We could add to this definition that in the modern era, especially since Baultmann, the impetus of liberal theology is not so much to subject the Bible to reason, as to translate the Gospel into terms meaningful to contemporary society. Be that as it may, I'll get back to that shortly.Liberal theology is most often thought of as a counter to "orthodoxy," but for most of its history the liberal view was more in line with Orthodoxy and the Evangelicals and their forerunners were on the lunatic fringe. Three major movements that preceded the Evangelical; the Pruitans (sixteenth century England), the Pietists (seventeenth century Germany) and the Evangelicals (nineteenth century England and America), all were kept at bay by the mainline orthodoxy which controlled the major denominations, and all three were radical movements that sought to restore a bogus ancient flavor to Christianity while moving away from the liberals who had come to control the Orthodox centers.

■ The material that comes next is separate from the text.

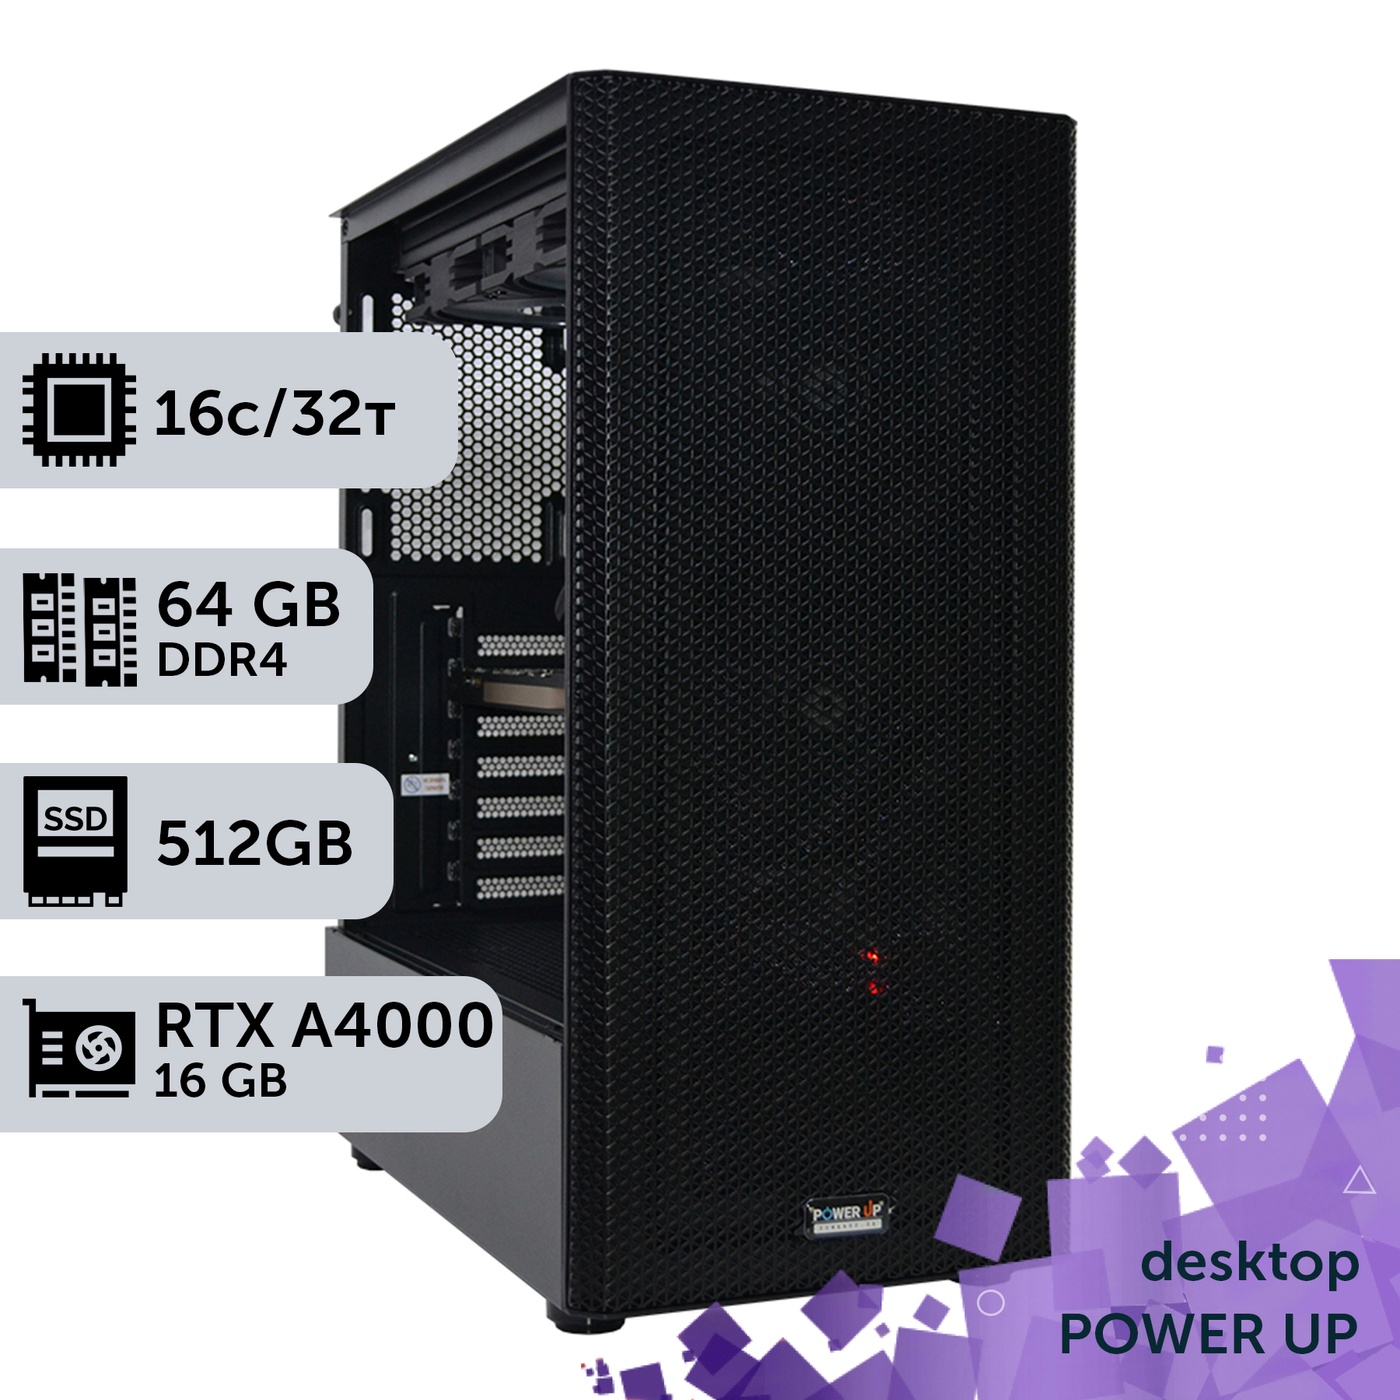 Рабочая станция PowerUp Desktop #104 Ryzen 9 5950x/64 GB/HDD 1 TB/SSD 512GB/NVIDIA Quadro RTX A4000 16GB

The dichotomy between reason and faith in religion goes very far back in Christian origins. In Early modern times it emerges as rationalism vs. voluntarism, but it can be found in the middle ages between Scholastics and nominalists. We should not be at all surprised to find the Enlightenment as a major source of liberal theology, and so it was. Nevertheless, there are other sources that even preceded the enlightenment. Since a major motivational force for liberal theology has been rationalisms, many antecedents from the Reformation and skeptical crisis in Europe can be found, thus pre dating the enlightenment. The same antecedents which pushed the Enlightenment also forged the impetus for liberal theology.

But I'm going to skip up 19th century, because my historical wring is long,boring, and ponderous,and because real liberal theology begins in the 19th century. See comment section for my development the antecedents renaissance and reformation.

Schleiermacher

It was out of this Kantian quagmire that liberal theology proper really gets going. Libeal theology begins with the attempt of a faithful follower of Kant, Frederich Schliermacher,(1768-1834) to restore God as the object of theological discourse. As a Kantian Schleiermacher knew that God is not given in sense data. Also as a Kantian he knew that God had to be on a par with the necessary categories but that we had to have to some form of interaction with experince. It was out of this problemt that he realized that one could go around the sense data and find interaction of the mind with God in the form of our basic consciousness of the concept of God itself. From this notion Scholeiermacher emerged with his famous dictum, the "feeling of utter dependence." Though this concept God was once again placed as the object of theological disourse and the basic method of liberal theology was born. Schleiermacher is known as "the father of liberal theology" for this reason.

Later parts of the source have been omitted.